# right angle die grinders



## Dabbler (Jun 18, 2021)

While visiting Janger, I was impressed with his right angle die grinders for surface conditioning and burr removal... He uses Roloc disks to do this and I thought the idea was fantastic... I don't have air in my shop right now, and don't want the irritating air tools noise - even his 'quiet' air tool is a little loud for me.

I was thinking of getting a Milwalkee right angle die grinder, and JNielsen found a pretty good deal, so I went for it.  Man, is it quiet! I also bought a bag of those offshore 80 pc Roloc - clone sanding disk sets with arbor and backer.

I found the tool to work very well, and the cheap abrasives to do as expected...  If I use them on edges, the grit pulls off rather that load up.  But I don't have high expectations for abrasives that cost 32 cents each.  They do the job, and I'm sure they have shorter life than genuine 3M product.

However I found out that these bags of Rolloc disks also include a 1/4" hex arbor, and I tried it in my Dewalt 20V impact gun, and darn!  it works far better than expected...  Not the 24,000 RPM of the Milwalkee, _*but adequate for most purposes*_.

So I didn't waste my money on the Milwalkee, but I could have put off the purchase a little had I known this, and possibly found a cheaper alternative.  All parts of this test were a success!


----------



## Tom O (Jun 18, 2021)

Yes they work like a hot dam.


----------



## combustable herbage (Jun 18, 2021)

Very nice my neighbor had bought the right angle impact wrench for doing tires very fast and very quiet, this one should serve you well.


----------



## PeterT (Jun 18, 2021)

I have the same one, perfect for my light duty needs. I already had the batteries from other Milwaukee tools so its kind of like a gateway drug - you find yourself always going back to the red brand dealer LoL

I also sampled this style of abrasive wheel, they come in many grit / diameter / profiles.
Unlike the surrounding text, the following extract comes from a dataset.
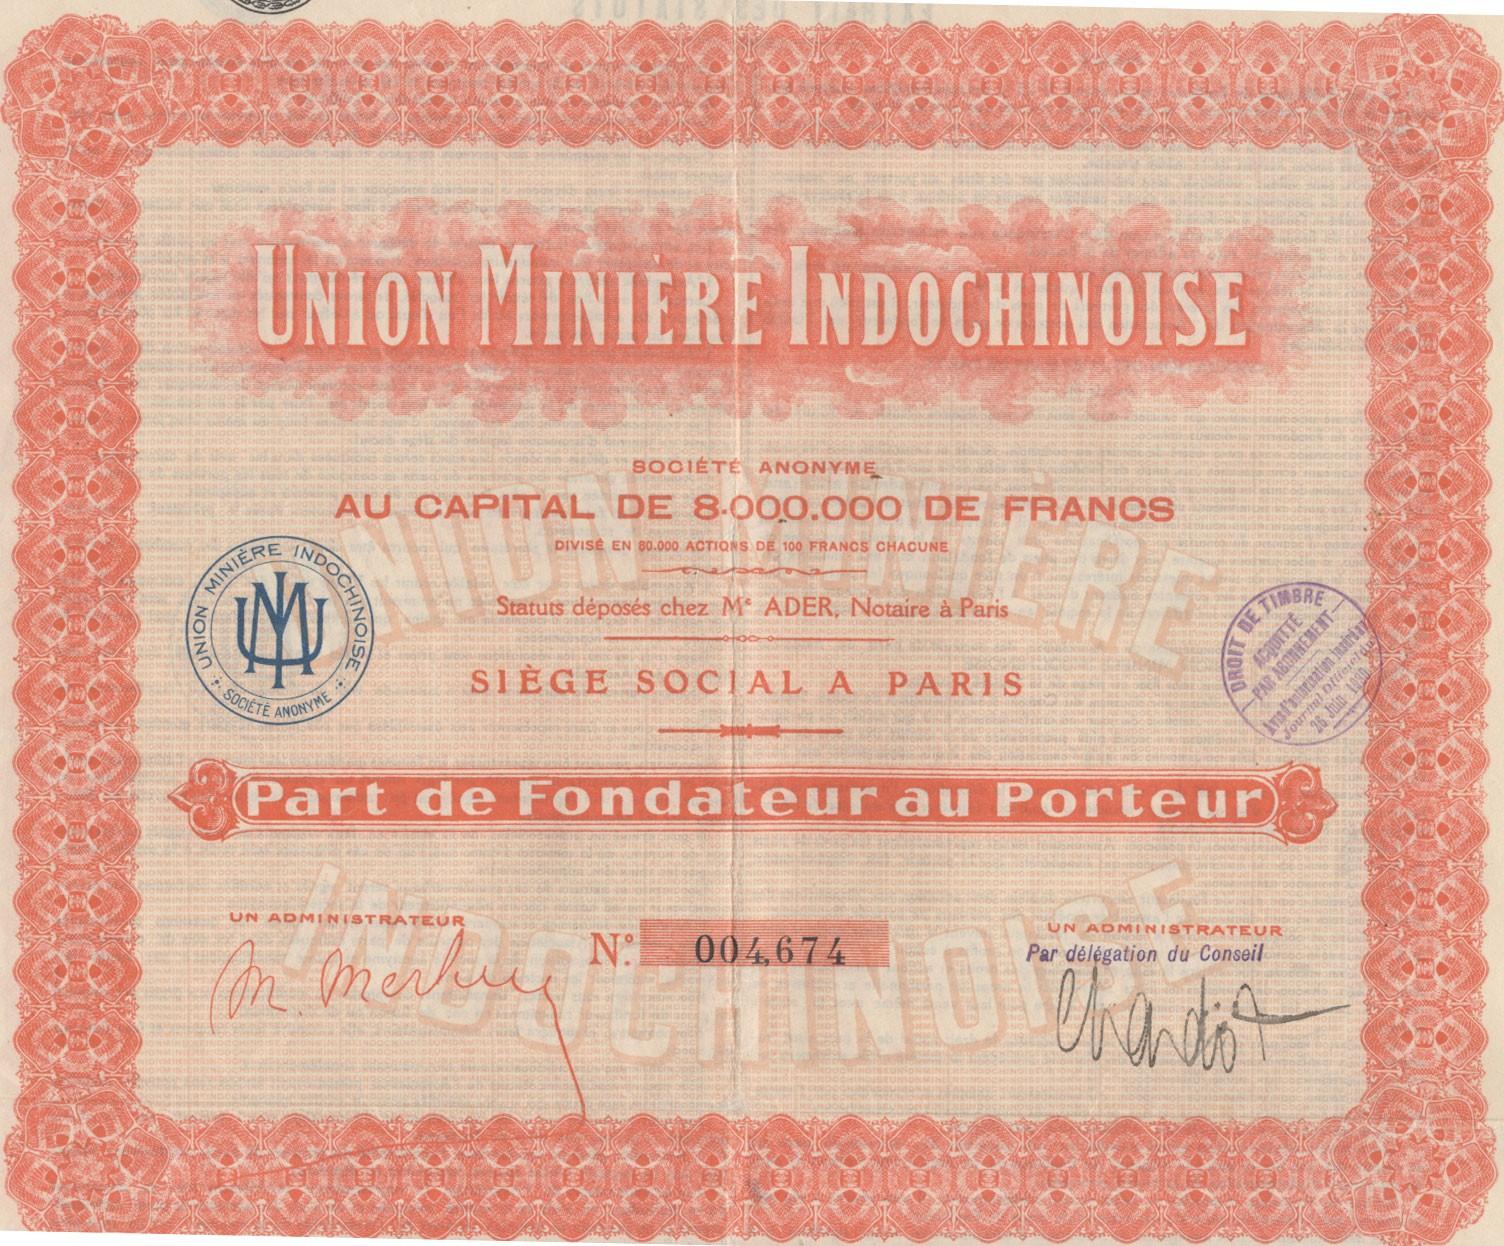 Union Minière Indochinoise INDOCHINE N

I like them.


----------



## ShawnR (Jun 21, 2021)

PeterT said:


> I have the same one, perfect for my light duty needs. I already had the batteries from other Milwaukee tools so its kind of like a gateway drug - you find yourself always going back to the red brand dealer LoL
> 
> I also sampled this style of abrasive wheel, they come in many grit / diameter / profiles. I like them.
> View attachment 15484




I have seen those. Wondered what they were like? Seem to stand up ok? I also have a Harbour Freight selection of the Roloc discs. They are great and get used lots.


----------



## Chicken lights (Jun 21, 2021)

They make an arbour for zip discs, they work great. Probably should only use a 3” disc, 4” gets too close to fingers. Works awesome in right angle die grinders where a full size grinder won’t fit. Hydraulic hoses, rivets, frozen screws, making a philips head screw into a flathead....the uses are endless


----------